PETER CROTEAU (Philadelphia, USA)



Peter Croteau was born in Boston, MA in 1988. Moving many times through various tract house suburbs as a youth gave him a further understanding of the differences and similarities in the landscape across the USA. He became most interested in the concepts of the in-between and the sublime in the landscape and how the two may intersect. He considers himself to be an explorer of mundane spaces looking to transform the everyday into something otherworldly through the use of 8×10 and 4×5 view cameras.

Peter received his Masters of Fine Arts in Photography from Rhode Island School of Design in 2012 and his Bachelors of Science in Photography from Drexel University in 2010. He currently lives in Philadelphia, PA.

Artist Statement:

An interglacial period is one of warming after an ice age. The current geological epoch, known as the Holocene, is an interglacial period that began about 11,700 years ago. The photographs in this series explore a single space that evolves over the course of one winter. The changes that occur from photograph to photograph function as visual metaphors for global warming and the effect this warming has upon the frozen landscape.

​Through the burning of coal and fossil fuels that intensify the greenhouse effect, Humans have accelerated this rate of warming. Some have even suggested we are living in a new era, the Anthropocene, an epoch that has been proposed to have began in the mid 20th century with a significant increase in human impact upon Earth’s climate. The latter part of this series seeks to show a transition from a natural warming state into one that has been deeply affected by human influence. The snow becomes blackened and from its melted depths the remnants of waste become visible.

Practice Statement: How does photographing on film (or using your material photographic process of predilection) inform your artistic practice?
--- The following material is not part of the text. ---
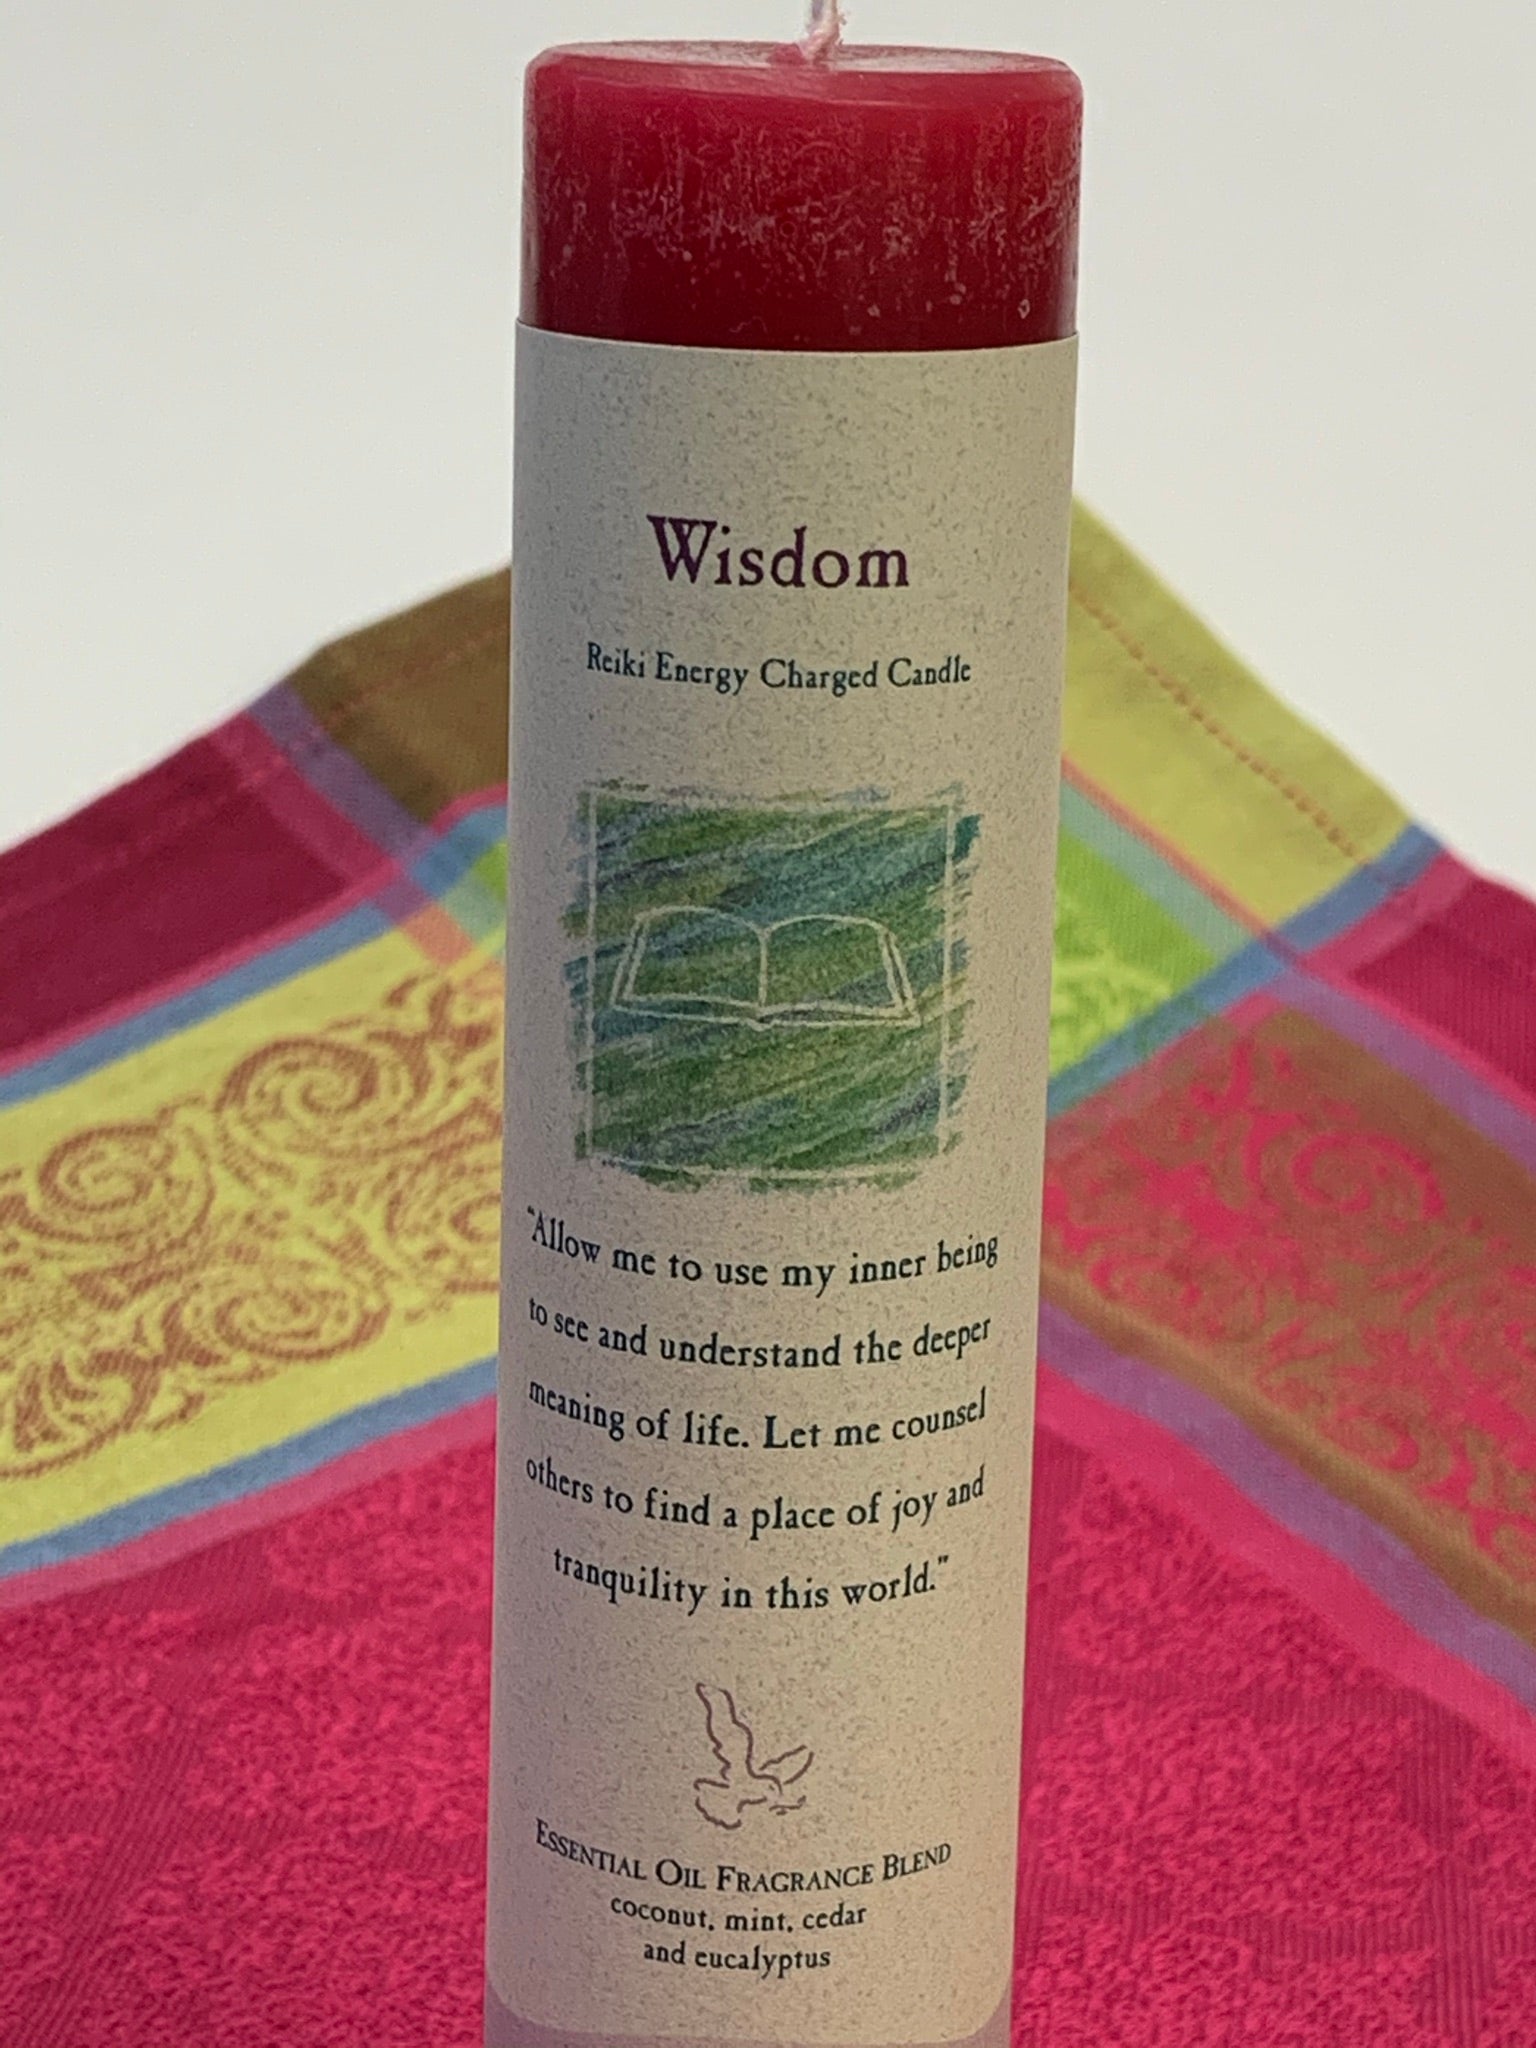 Close-up view of the Reiki-charged pillar candle for "wisdom." It is handcrafted and scented using essential oils (coconut, mint, cedar & eucalyptus. An affirmation/prayer is printed on the label as well as a listing of the essential oils used. It is approximately 7"x1½". Perfect for meditation, prayer, visualization or quiet time. This red candle and its label are both visually appealing.

Photographing using 4×5 and 8×10 film with a view camera is essential to my process. My decision to use a view camera began 11 years ago when I took a class in large format photography and has since become a longstanding commitment. Using the camera changed the way I thought about and wanted to produce photographs. I was drawn to the act of slowing down to think about putting together a photograph. I actually found the view camera, as cumbersome as it is, to be both simplifying and enlightening. Seeing the image projected upside down on ground glass (as in a camera obscura) made me realize that through the mechanism of the camera I could control the image.
Using a view camera requires a different way of seeing. The photographic process begins before the camera comes out of the bag, when I attempt to conceptualize how my frame may exist in the world. Getting under the dark cloth and seeing an image projected upside down on the ground glass is a dissociating experience where I can remove myself from the outside world and think about the relationship of forms and the juxtaposition of objects in my frame. I consider how I can use the camera to construct space, as a landscape painter would, to create dimension through multiple receding layers of earth and sky. I consciously employ cross-angles into my compositions. I feel they produce more dynamic compositions that lead the eye through the space and help generate an effect of deep, layered space.
Pressing the shutter on a view camera lens requires another level of visualization. Henri Cartier Bresson used the term “decisive moment” to describe a philosophy of photography where ones mind becomes so in tune with a small camera that one is able to capture a specific moment of brilliance with speed and clarity. This, however, does not apply to the view camera because one cannot look through the camera when one presses the shutter release. What I employ is instead what Richard Misrach calls the “anticipated moment.” Once one looks away from the ground glass there is still a need to visualize the frame in order to understand all the elements that fall within it. The photographer must continue to stand with the camera, looking out over the scene with a frame in mind watching the clouds moving, the light shifting, the wind in the trees, cars driving and any other object that may shift in the space. When all the elements come together the shutter release is pressed and an exposure is made. The anticipated moment has always made me feel more focused and precise about the photographs I make than the decisive moment. Attempting to make all the elements come together in one photograph is no simple task. It is this process of anticipation that excites me the most when I am taking pictures.
For my Interglacial series, I use the camera to confuse subject matter and scale in order to create a sense of ambiguity. The camera acts as an apparatus, where I can put in and leave out elements wherever I choose. The amount of detail I decide to let into the frame effects the kind of relationship the viewer has to the photograph. The more I leave out of the frame, the more ambiguous the scale becomes. This ambiguity draws the viewer in and asks them to define both what they are looking at and how it exists in relation to the landscape around it outside the frame. This questioning causes the viewer to become aware of mundane spaces and see them differently in his or her every day life.